Introduction | av era, WebRTC under a variety of products and business scenarios have fall to the ground. In the familiar with how to get device audio and video data in the browser and WebRTC how to get audio and video data for network transmission at the same time, we should consolidate the basic knowledge of network transmission protocol, which can help us learn WebRTC more deeply. Recommended for use with articles from front-end audio and video features.

1. Transport layer protocol: TCP vs. UDP

We all know that HTTP, which runs on top of TCP, is the basis of what makes the World Wide Web work. As a front-end developer, we seem to be familiar with HTTP and TCP, so that HTTP status codes, message structures, TCP three-way handshake, four-way wave, and so on have become standard basic interview questions. But other agreements seem more or less alien to us.

The following figure shows the 4-layer structure of a TCP/IP communication protocol. In the transport layer based on the Internet layer, it provides data transmission services between nodes. Transmission Control Protocol (TCP) and User Datagram Protocol (UDP) are the most well-known protocols.

The two protocols themselves involve a lot of content, but in the actual use of choice, we might as well directly through the comparison of TCP and UDP, to learn and understand them.

1.1. Comparison between TCP and UDP

There are three differences as a whole:

  • TCP is connection-oriented and UDP is connectionless.

  • TCP is byte stream oriented, in fact TCP treats data as a series of unstructured byte streams; UDP is packet oriented.

  • TCP provides reliable transport, meaning that data transmitted over a TCP connection is not lost, does not duplicate, and arrives in sequence, while UDP provides unreliable transport.

1.1.1. UDP connectionless, TCP connection-oriented

UDP does not need to establish a connection before transmitting data.

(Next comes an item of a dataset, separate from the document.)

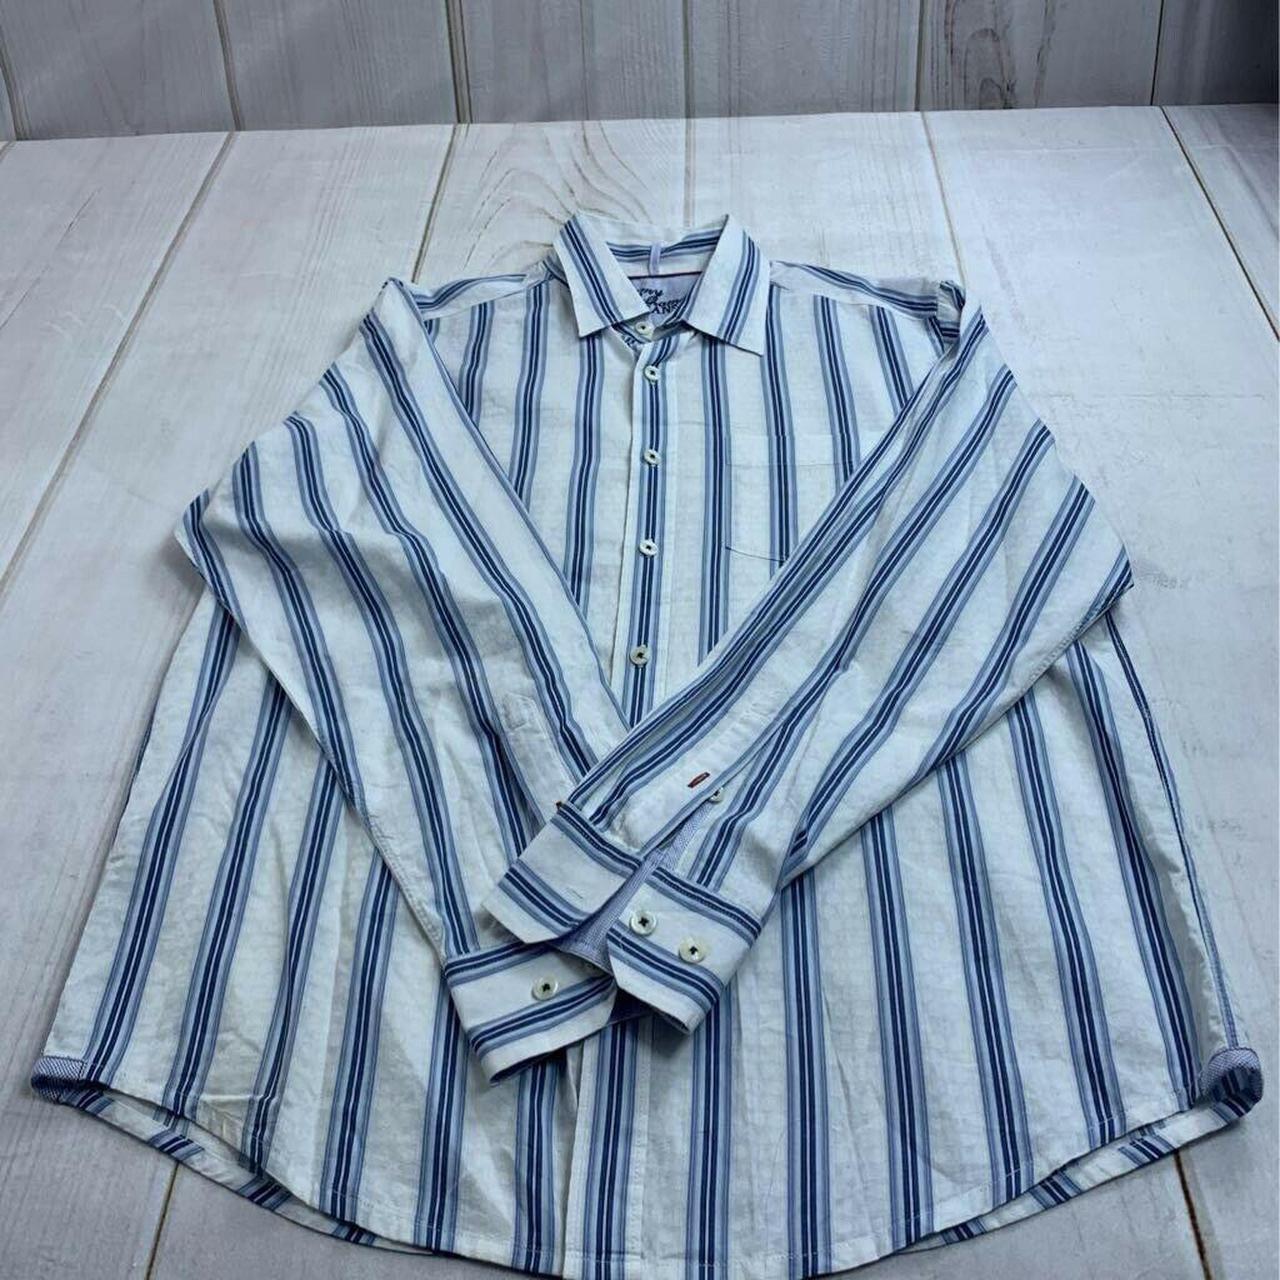 Product Image 1 - Tommy Bahama Jeans Men's L

Both parties can send data at any time. Therefore, UDP is connectionless. TCP establishes a connection by shaking hands three times before data transmission, and releases the connection by waving hands four times after data transmission. Details will not be described here.

1.1.2. UDP packet oriented, TCP byte stream oriented

For UDP, the sending and receiving application layer only sends or receives packets to the UDP transport layer. UDP only adds or removes the UDP header from application-layer packets and retains application-layer packets. Therefore, UDP is packet oriented.

For TCP, TCP only stores the data handed over by the application layer as a series of unstructured byte streams in the cache and constructs TCP packets according to the policy to send them, while the receiving TCP only collects the data payload and stores it in the cache and delivers the cache byte streams to the application layer. TCP does not guarantee the size relationship between sent and received data at the application layers of both parties. Therefore, it is byte stream oriented, and it is also the basis of TCP to achieve flow control and congestion control.

1.1.3. UDP is an unreliable connection and TCP is a reliable connection

UDP generates packet loss during data transmission, and the sender does not process the packet. The receiver also does nothing if it finds an error in the checkhead. Thus UDP provides a connectionless unreliable service up.

During TCP data transmission, if packet loss occurs or the receiver checks error codes (in this case, the receiver discards the packet), the receiver does not send an acknowledgement packet. In this case, the receiver resends the packet due to timeout. Thus, TCP uses its policies to ensure that no matter what happens during its transmission, the receiver will receive the packet correctly. Thus, TCP is said to provide reliable connection-oriented services upward.

1.2. Why UDP

Given TCP’s many advantages and features, why use UDP for real-time audio and video transmission?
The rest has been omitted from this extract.